Saving your money is still a great habit.

Save money! Yes, it is true that savings over decades won’t outpace inflation or a strong investment portfolio, BUT saving is still a great strategy. I am a saver; I save even now always and forever. Cash in the bank is a part of my own independence philosophy. Whilst inflation is a scary word it should not scare or deter us from holding cash. You will see these graphs about cash being eroded by inflation but don’t let that create fear. If it came down to not investing having a savings plan is still a great wealth builder. I have always held cash; it has not swayed my decision. I still have similar purchasing power. In fact, I brought a property next to one I owned from 2009 and paid less for it now 14 years later!

Emergency funds play an important role.

Cash and an emergency fund can be treated similarly all though the later is a no-go zone locked away for a rainy day. Keeping 6 – 12 months aside is a very good idea before starting to invest. Risk comes with the investing territory so having a buffer to carry on life is a wise move. If you get laid off or have a few down months (even years) all though painful it is not the end. I have cash reserves, but they can be deployed if opportunity arises, the emergency fund is locked away usually in a low interest vehicle to at least earn something. Investing is about the future; an Emergency Fund is also a hedge against the unknown future. Stuff happens, in my own experiences I’ve leaned on my Emergency fund several times. It is better to have one and not need it than to need it and not have one.  

Debt is the worst destroyer of wealth.

Debt is the killer. Car loans, education loans, credit cards and even your house should be paid off. Most debt is dead money that can be used to produce better returns elsewhere. Paying of high interest accruing accounts and freeing up those reoccurring payments is a great decision. I am bias because I am anti debt and avoid it like the plague, I want to own all I have as that is a part of my wealth and investing strategy. (Before I am criticised, I have danced with the banks with levels of debt that would make most people have a heart attack, when I was in the property sector). Reducing your liabilities is still a wealth building tool that should be considered prior to putting capital into investments.

Max out retirement funds.

If you have employer contribution funds (pending where you are in the world) then maximise those. They are great vehicles to help you work towards your retirement goals. They are also tax effective, and it is a good way to invest and save at the same time.  

Understanding the basics before investing.

This will be covered in the next topic and is the foundation of what we discuss in this blog. It is important to be mentioned here as well just as a prompt.

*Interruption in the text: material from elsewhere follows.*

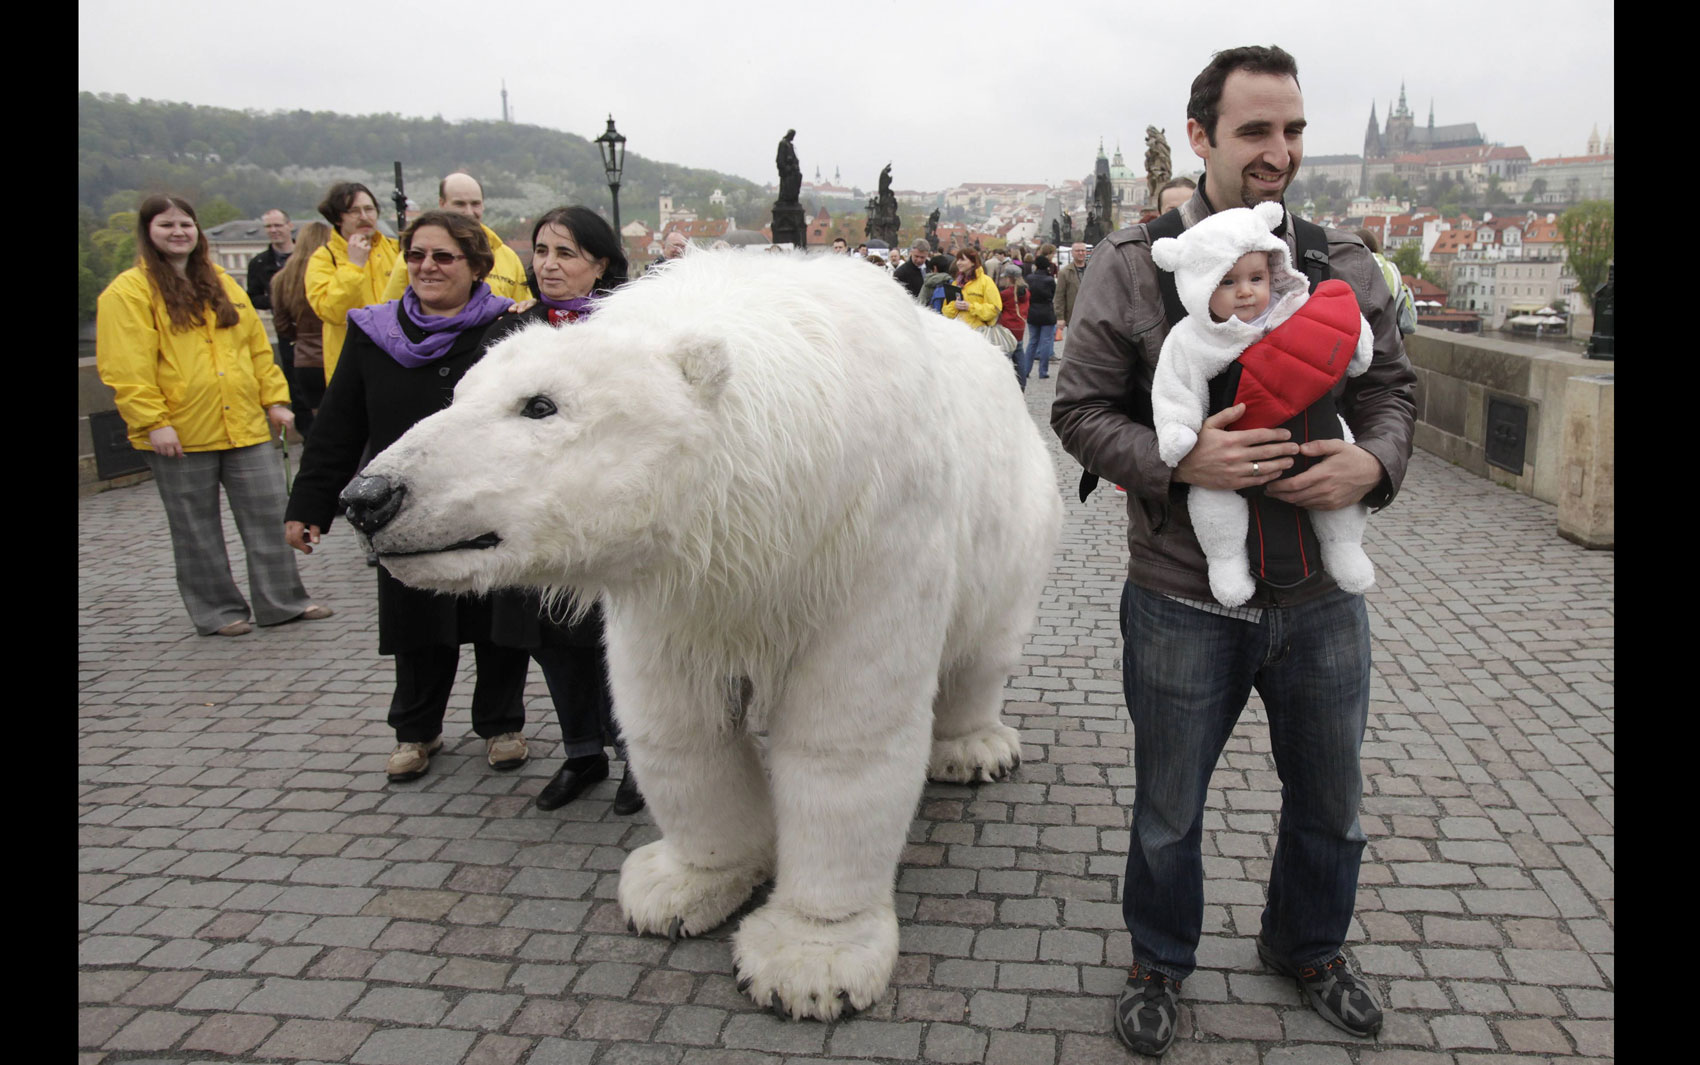 Ativistas do Greenpeace usam uma fantasia de urso polar em tamanho real e também usaram um bebê fantasiado como ursinho para em Praga, na República Tcheca. A campanha é para chamar a atenção para ameaças ambientais ao Ártico.

If you are looking to invest start reading, getting educated and understand the playing field. This will also help drive your own investment strategy if you at least have an idea about what is available and the purpose of it. Whilst I believe failing is a great educator to learn from mistakes, investing won’t give you too many chances to start over if you get it wrong.

In summary…

After all of this if you feel you have a great handle on your personal financial affairs and are ready to invest then let’s explore further. Of course you can skip these prompts, this is not a MUST do, it simply is a guide of what may be a better low risk-reward alternative than investing.